Emily Kame Kngwarreye’s traditional lands are governed by two Emu ancestors from the Altyerre (Dreaming). Two Emu brothers, one at Artangkere (a swampy area) and the other at Alhalkere, a soak and freshwater rock hole, are the guardians of the Anmatyerre law who punish transgressors.1 Among the Anmatyerre, the ancestral stories and related rituals of the Emu Beings is the domain of men, however women perform ceremonies and paint about the Emu ancestors in the quotidian sense. One of the recurring themes in Kngwarreye’s art is the nurture of bush food on which emus thrive, such as the bush plum intekwe (Scaevola parvifolia), as part of the cycle of fertility in the land watered by seasonal rains. Ceremonies are performed in the late Australian spring to guarantee the profusion of intekwe and hence the abundance of emu that is one of the main sources of protein for desert peoples. Purchased from a gallery in Lyon, this painting was the first work by Emily Kngwarreye acquired by Stefano Spaccapietra, which inspired him to travel to Australia in search of the finest examples he could acquire over the subsequent years, either directly from the Holt family's Delmore Gallery or via Sotheby's at auction.
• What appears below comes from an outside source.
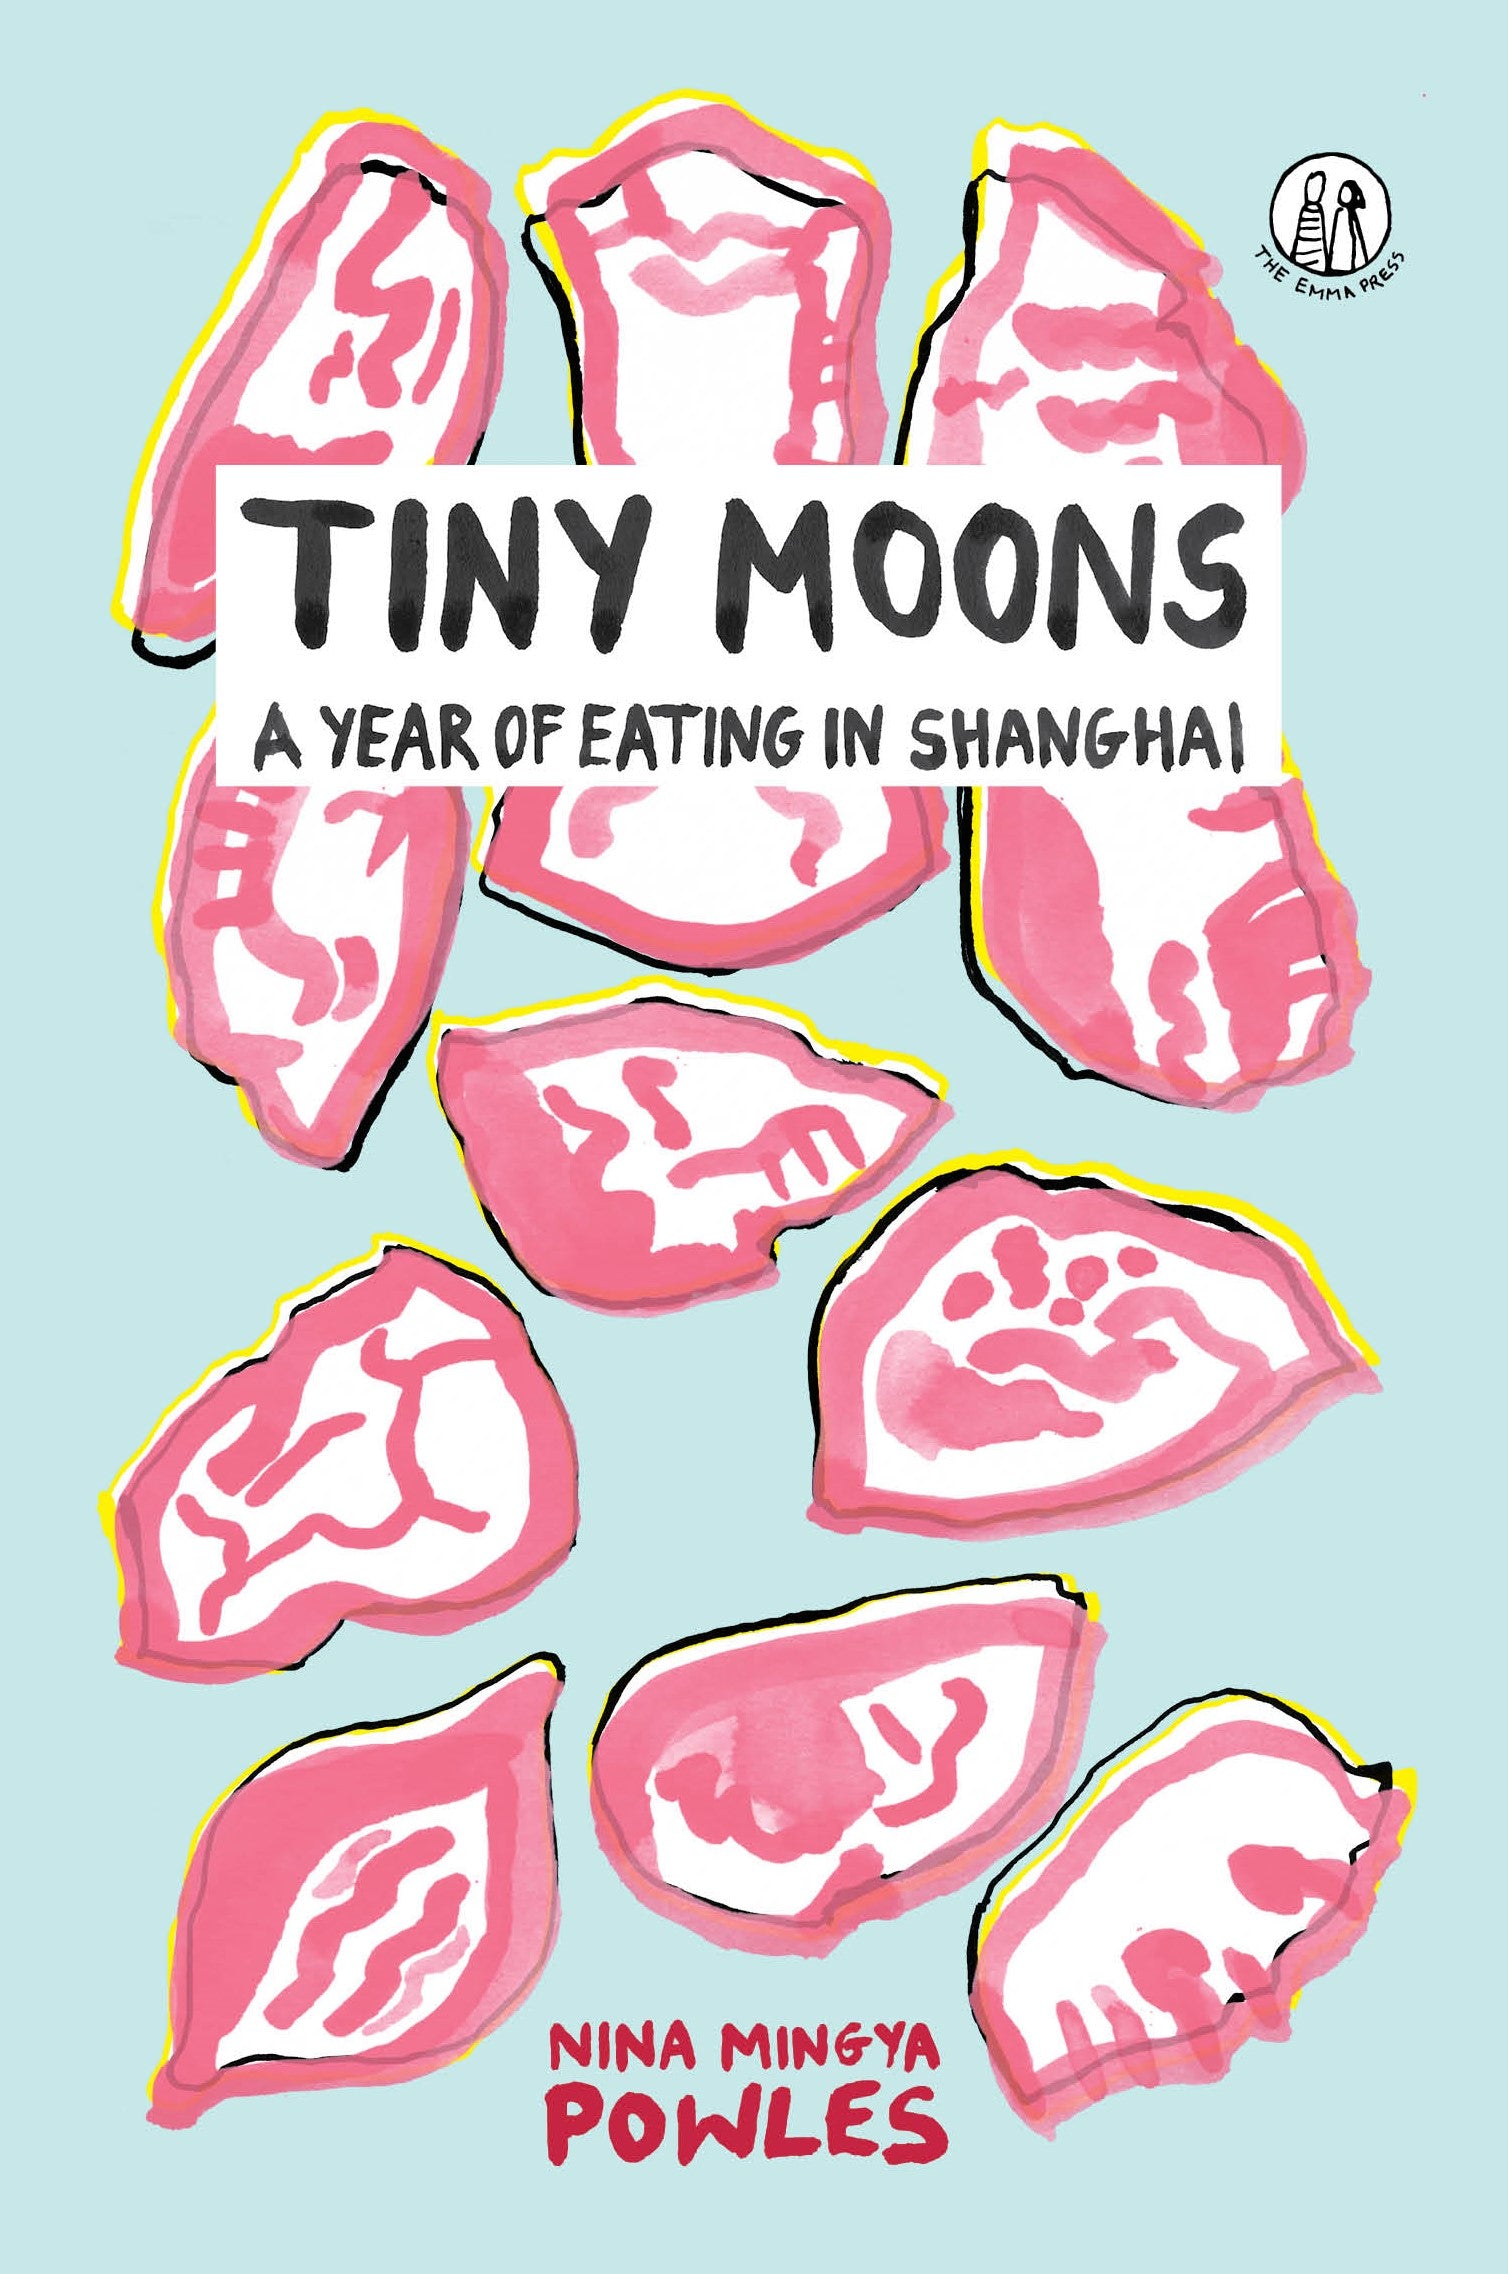 Tiny Moons: A Year of Eating in Shanghai (Nina Mingya Powles)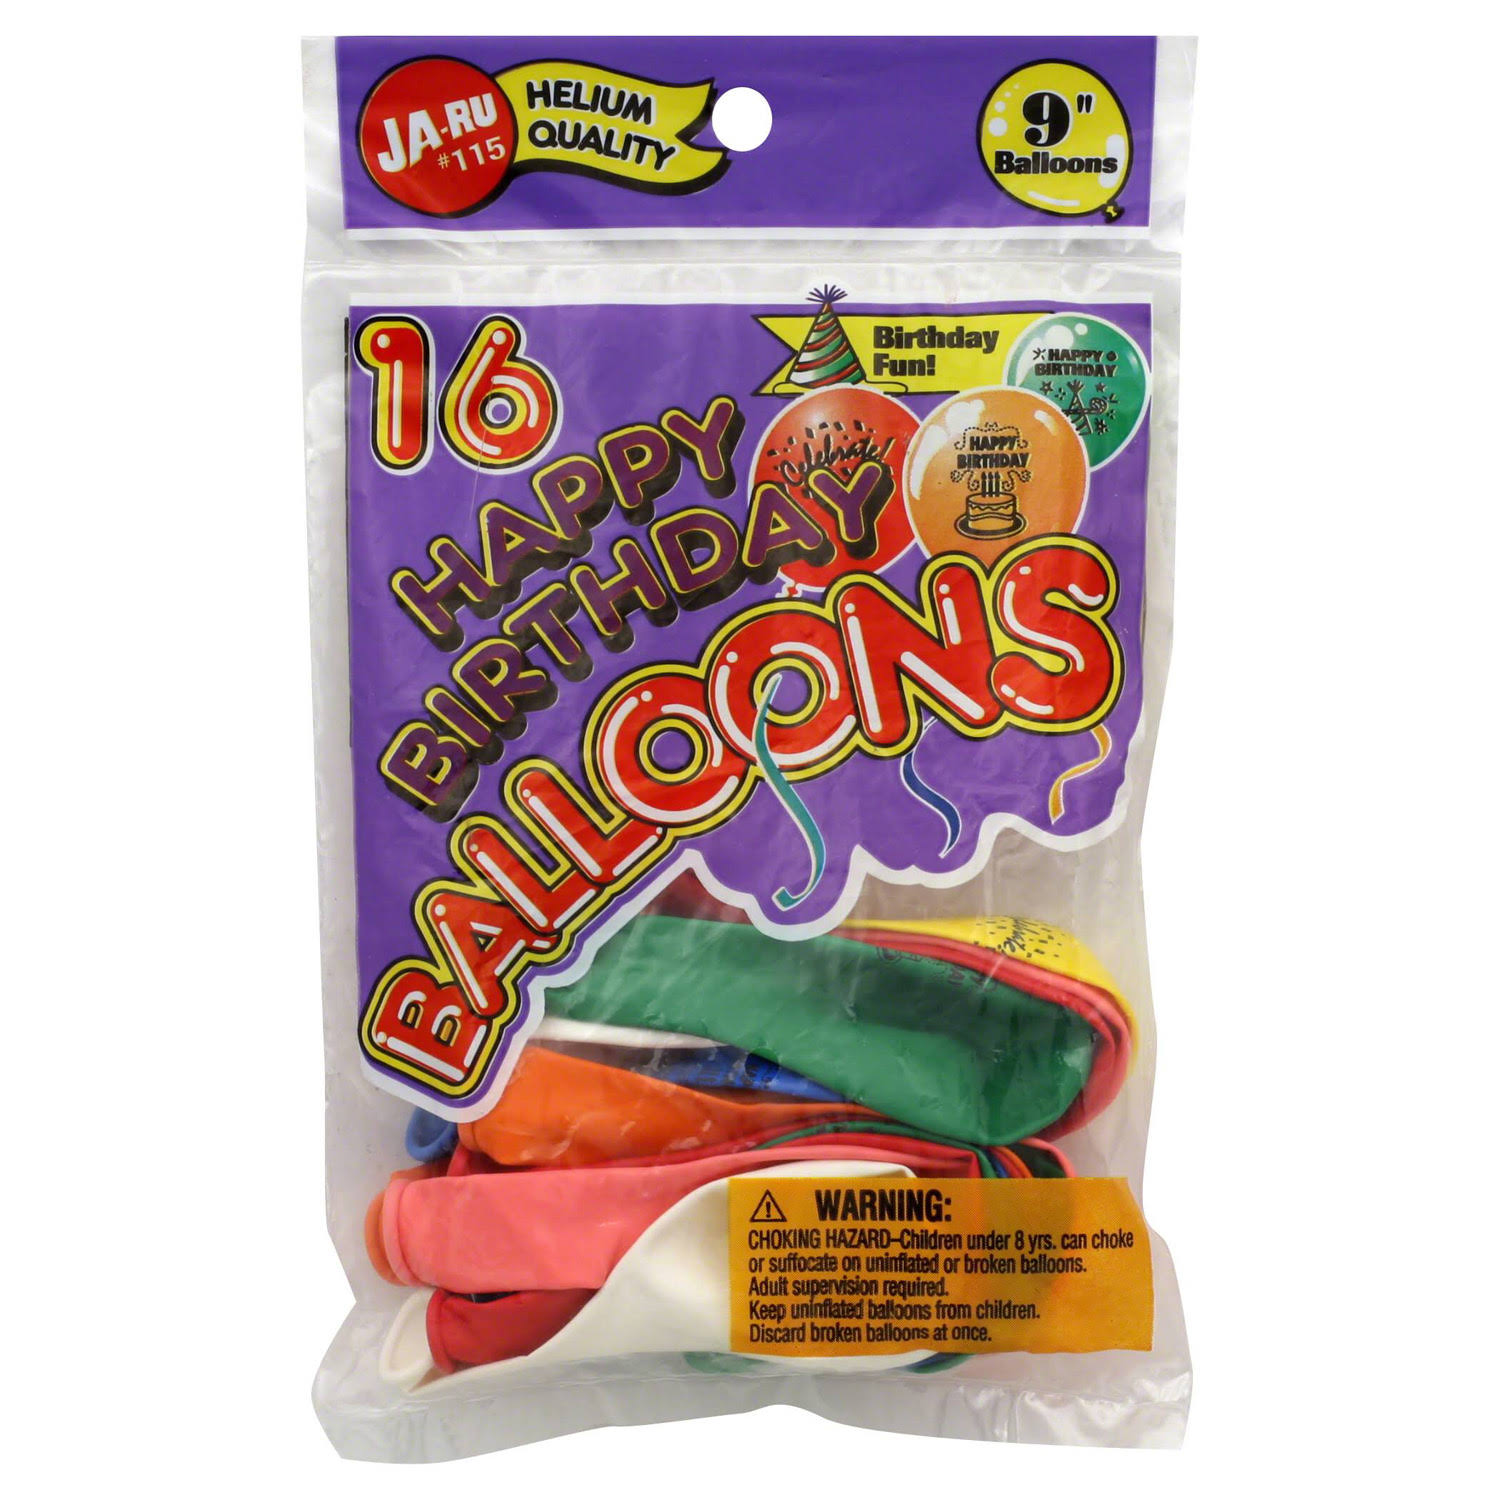 JA-RU - Balloons, Happy Birthday, 9 Inch - 16 Balloons

According to the documentation accompanying the painting, Fertile Desert refers to emus scuttling between their nests in search of the variety of plants, bush fruit, berries and seeds on which they thrive. The painting is comparable to a number of works on the same theme, including the earlier Emu Woman of 1988-89 in the Janet Holmes à Court Collection, Emu Story, 1989, in the collection of the National Gallery of Victoria and Emu All Over, 1990.2

WC

1 Janet Holt in Isaacs, 1998, p.7

2 Emu Woman of 1988-89 is illustrated in Boulter, M., The Art of Utopia: A New Direction in Contemporary Aboriginal Art, Craftsman House, Sydney, 1991, p.66, plate 11, and in Neale, M (ed), Emily Kame Kngwarreye. Paintings from Utopia, Queensland Art Gallery and Macmillan, Brisbane, 1998, p.16, catalogue number 7, plate 8. Emu Story, 1989, and Emu All Over, 1990, are illustrated in Isaacs, J. et al., Emily Kngwarreye Paintings, Craftsman House, Sydney, 1998, p.45, plate 2, and p.53, plate 10 respectively.